Foodizz resmi berdiri pada 2018, walau sebenarnya sejak 2017 startup ini sudah membuka pelatihan atau seminar tentang bisnis kuliner. “Market bisnis kuliner memang selalu ada. Tetapi kalau langsung terjun tanpa punya ilmu, itu amat berbahaya,” kata Sarita Sutedja, GM Corporate Communication Foodizz.

Dulu para pendiri Foodizz pun sudah merasakan sendiri sulitnya memulai bisnis kuliner. Salah satu penyebabnya, tidak ada platform pembelajaran khusus mengenai bisnis kuliner. Kalaupun ada, biayanya cukup mahal. “Belajar dari pengalaman kami dulu saat memulai bisnis kuliner, maka Foodizz kami hadirkan,” ujar Sarita. Ia mengakui ternyata banyak sekali kesalahan yang muncul karena ketidaktahuan dalam menjalankan bisnis kuliner.

Jadi, fokus Foodizz adalah membantu orang-orang yang ingin terjun ke dunia kuliner. Pihaknya juga ingin memberikan koneksi bagi pebisnis kuliner ke ekosistem kuliner agar selain punya ilmu, mereka pun punya koneksi. Misalnya, ke vendor, investor, edukator, dan pemegang kepentingan lainnya. Akses-akses itu kadang sulit kalau tidak disambungkan.

Pertanyaan simpel seperti beli kompor di mana, beli peralatan dapur terjangkau di mana, point of sale (POS) yang bagus itu apa, dll., itu semua harus diketahui sebelum memulai bisnis kuliner. “Jadi, jangan dulu berbicara tentang valuasi dll. Hal-hal dasar harus diperhatikan,” Sarita menandaskan.
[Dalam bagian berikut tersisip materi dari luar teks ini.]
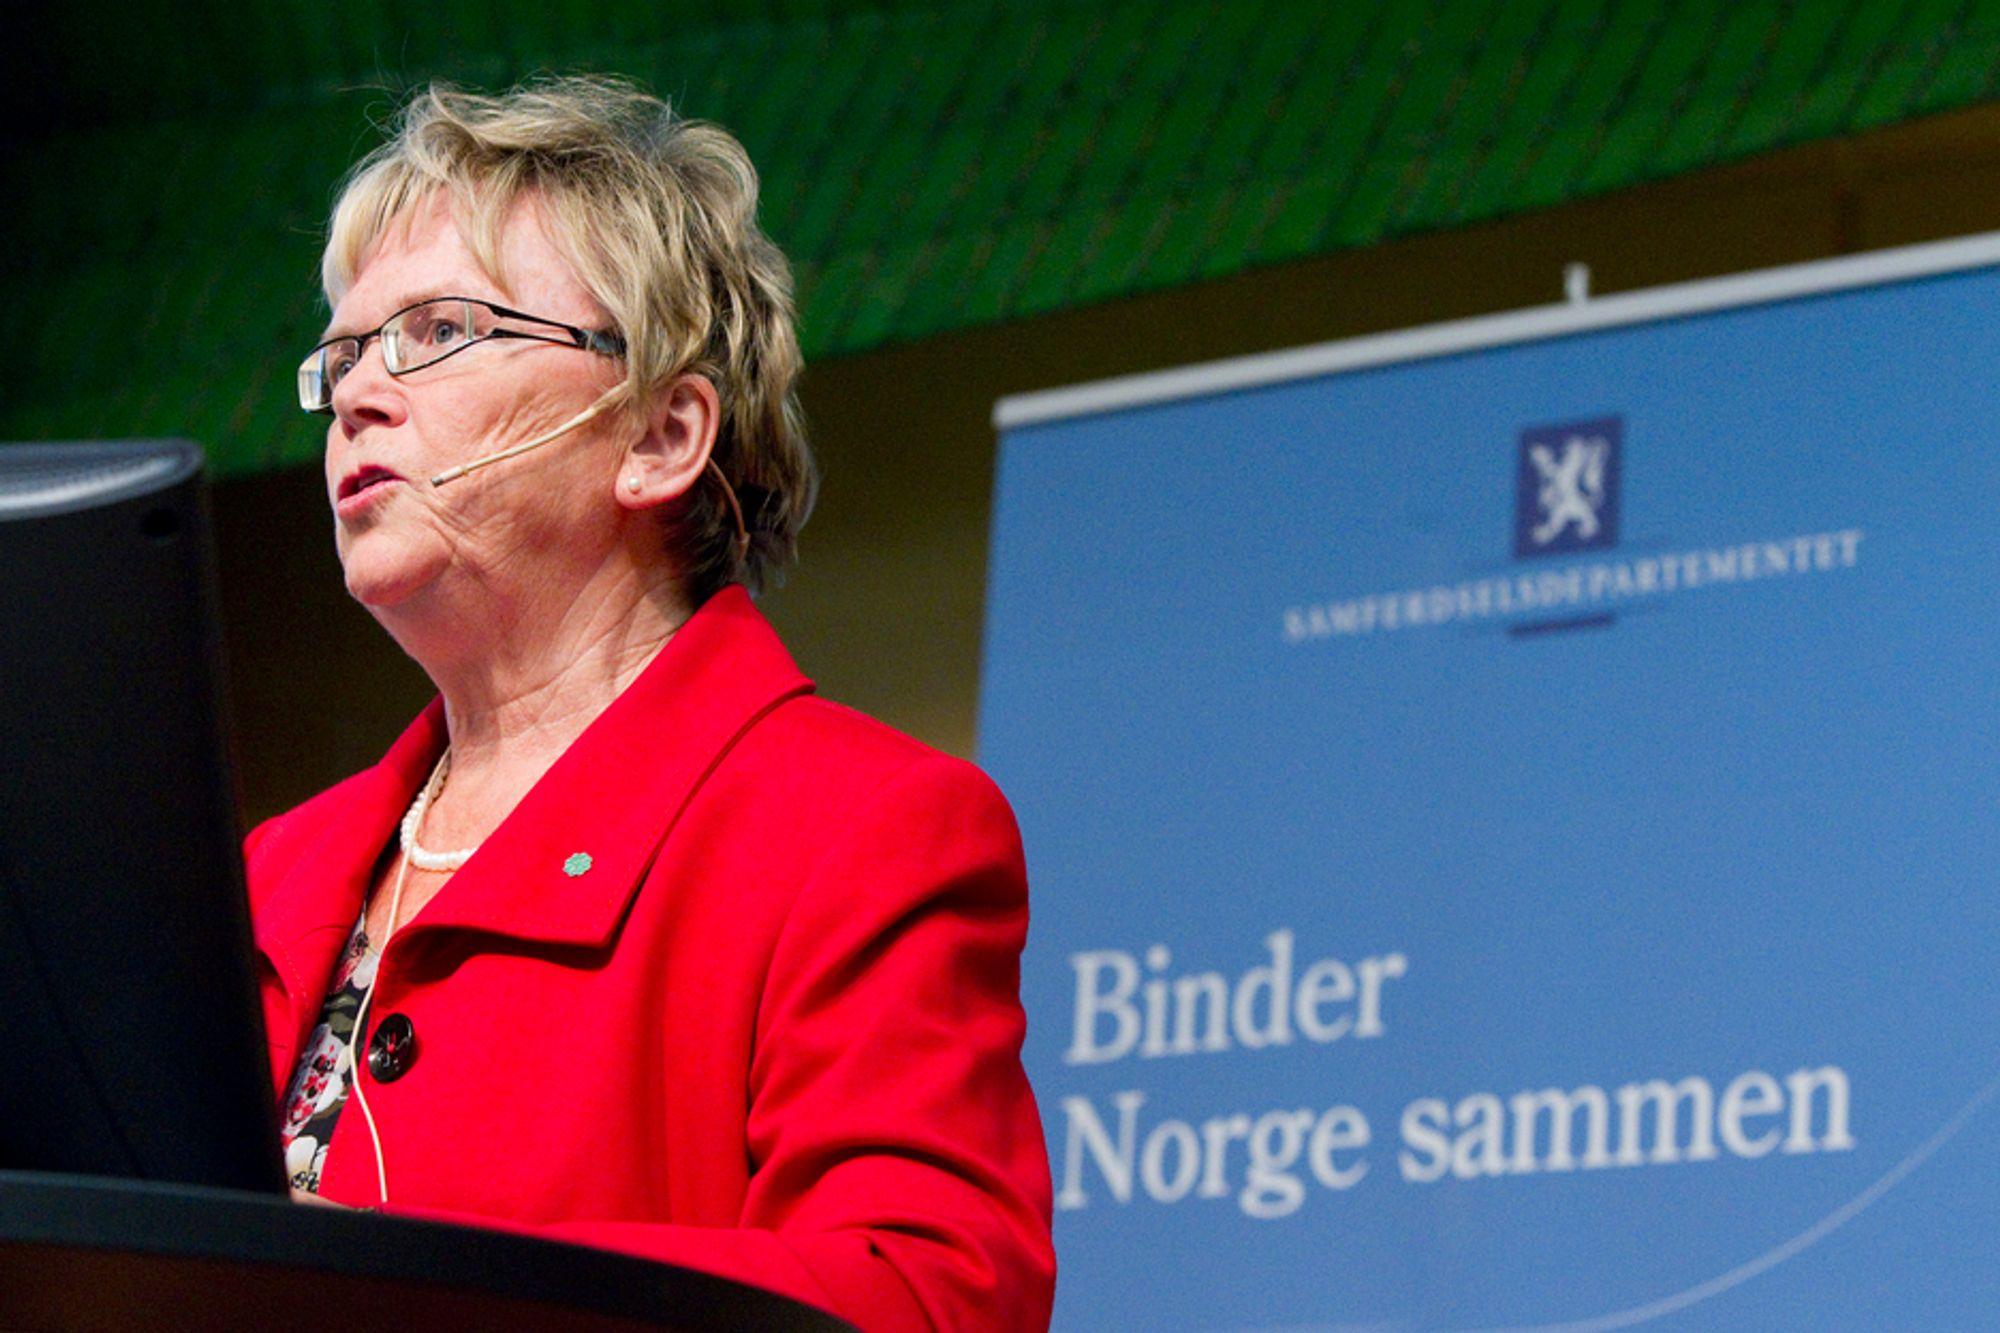 Samferdselsminister Magnhild Meltveit Kleppa (Sp) frykter at datalagringsdirektivet kan legge stadig nye områder under seg på bekostning av personvernet. Tirsdag holdt hun seminar for både motstandere og tilhengere.

Di Foodizz, pembelajarannya ditujukan untuk semua level: mulai dari pemula, sudah mulai tapi masih kecil usahanya, cabangnya sudah berkembang banyak, sampai yang paling advance adalah bootcamp valuasi bisnis. Intinya, bisnis kuliner memiliki banyak celah.

Sebelum memulai, ada sejumlah pertanyaan fundamental yang harus dijawab. Misalnya, tentu, produknya apa, diferensiasinya apa, target pasarnya siapa, dan tujuannya apa. Kalau sudah tahu fundamentalnya, bisa disusun strategi ke depannya agar bisa dilakukan scaling up.

Dengan visinya, yaitu Changing People Life Through F&B Education, Foodizz berperan sebagai edukator. “Kami tidak mau main ke dalam bisnisnya para peserta, misalnya masuk ke bisnis funding. Karena, nanti fokusnya jadi lain. Bayangkan kalau Foodizz masuk ke bisnis funding, nanti malah sibuk mengkurasi bukannya mengedukasi,” kata Sarita.

Bagaimana bentuk edukasi yang diberikan Foodizz? Menurut Sarita, banyak sekali topik yang diberikan di Foodizz, antara lain operasional, pemasaran, keuangan dan perpajakan, business plan, legal, regulasi dan pajak, digital marketing, frozen food, strategi ekspansi, bisnis rumahan, investor dan pendanaan, serta supply chain management.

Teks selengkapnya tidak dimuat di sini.